3 том часть 2 настроения

Война и мир
Том 3. Часть вторая. Глава XXXV

XXXV.

Кутузов сидел, понурив седую голову и опустившись тяжелым телом на покрытой ковром лавке, на том самом месте, на котором утром его видел Пьер. Он не делал никаких распоряжений, а только соглашался или не соглашался на то, что предлагали ему.

«Да, да, сделайте это», отвечал он на различные предложения. «Да, да, съезди, голубчик, посмотри», обращался он то к тому, то к другому из приближенных; или: «Нет, не надо, лучше подождем», говорил он. Он выслушивал привозимые ему донесения, отдавал приказания, когда это требовалось подчиненными; но, выслушивая донесения, он, казалось, не интересовался смыслом слов того, чтò ему говорили, а что-то другое в выражении лиц, в тоне речи доносивших, интересовало его. Долголетним военным опытом он знал и старческим умом понимал, что руководить сотнями тысяч человек, борющихся с смертью, нельзя одному человеку, и знал, что решают участь сраженья не распоряжения главнокомандующего, не место, на котором стоят войска, не количество пушек и убитых людей, а та неуловимая сила, называемая духом войска, и он следил за этою силой и руководил ею, насколько это было в его власти.

Общее выражение лица Кутузова было сосредоточенное, спокойное внимание и напряжение, едва превозмогавшее усталость слабого и старого тела.

В 11 часов утра ему привезли известие о том, что занятые французами флеши были опять отбиты, но что князь Багратион ранен. Кутузов ахнул и покачал головой.

— Поезжай к князю Петру Ивановичу и подробно узнай, что и как, — сказал он одному из адъютантов, и вслед за тем обратился к принцу Виртембергскому, стоявшему позади его.

— Не угодно ли будет вашему высочеству принять командованье 1-ю армией.

Вскоре после отъезда принца, так скоро, что он еще не мог доехать до Семеновского, адъютант принца вернулся от него и доложил светлейшему, что принц просит войск.

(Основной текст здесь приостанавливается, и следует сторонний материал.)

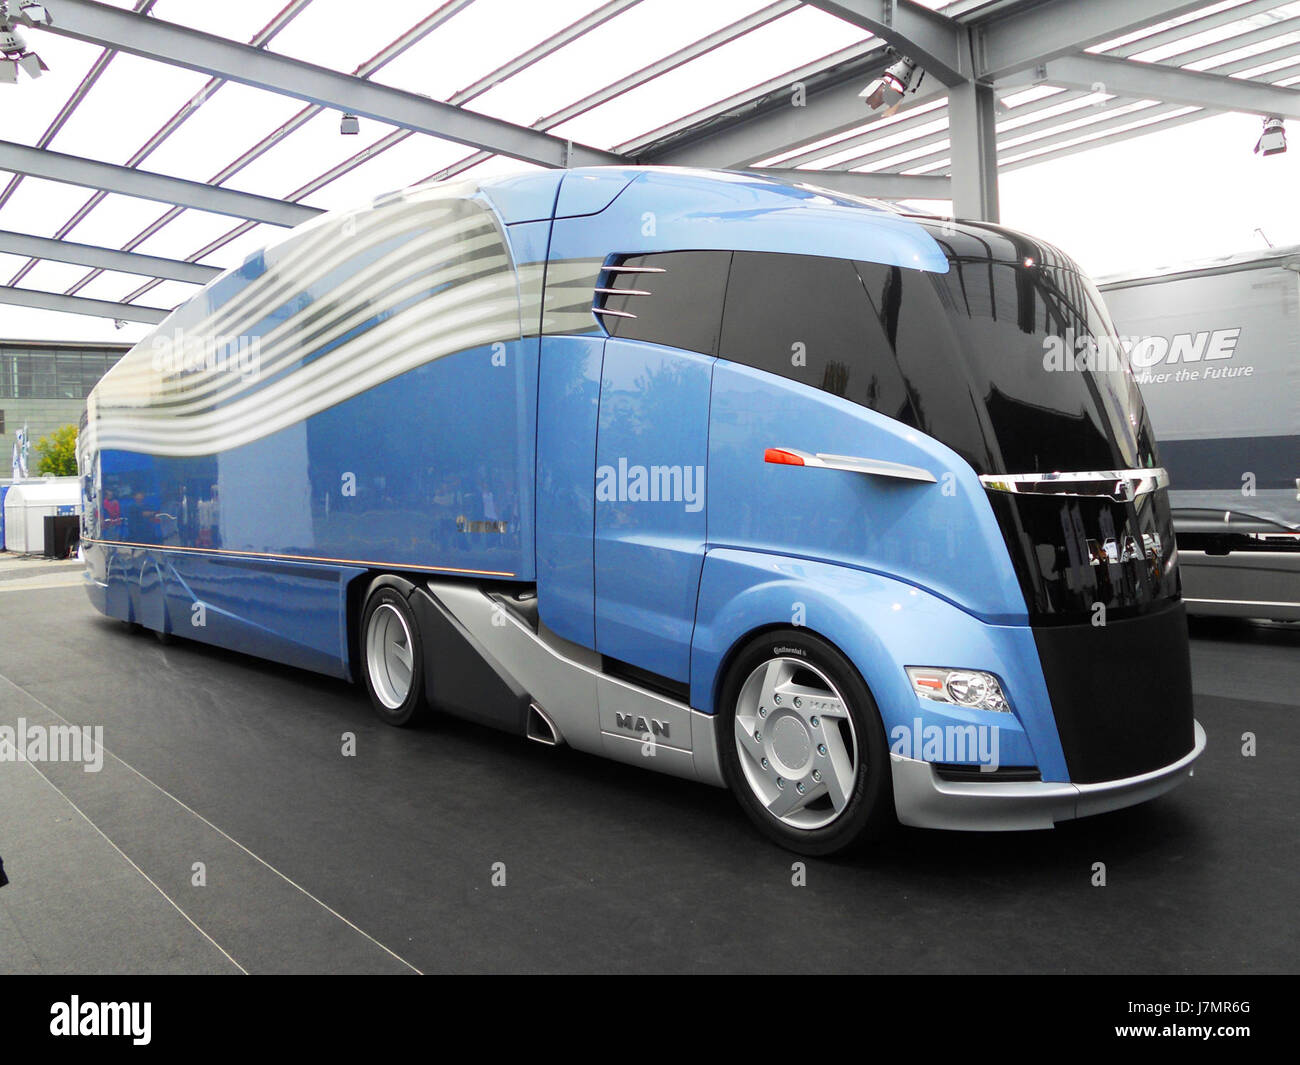 2012 MAN Concept truck with Krone AeroLiner. Facing right. Spielvogel Stock Photo

Кутузов поморщился и послал Дохтурову приказание принять командование 1-ою армией, а принца, без которого, как он сказал, он не может обойтись в эти важные минуты, просил вернуться к себе. Когда привезено было известие о взятии в плен Мюрата и штабные поздравляли Кутузова, он улыбнулся.

— Подождите, господа, — сказал он. — Сраженье выиграно, и в пленении Мюрата нет ничего необыкновенного. Но лучше подождать радоваться. — Однако он послал адъютанта проехать по войскам с этим известием.

Когда с левого фланга прискакал Щербинин с донесением о занятии французами флешей и Семеновского, Кутузов, по звукам поля сражения и по лицу Щербинина угадав, что известия были не хорошие, встал, как бы разминая ноги и, взяв под руку Щербинина, отвел его в сторону.

— Съезди, голубчик, — сказал он Ермолову, — посмотри, нельзя ли чтó сделать.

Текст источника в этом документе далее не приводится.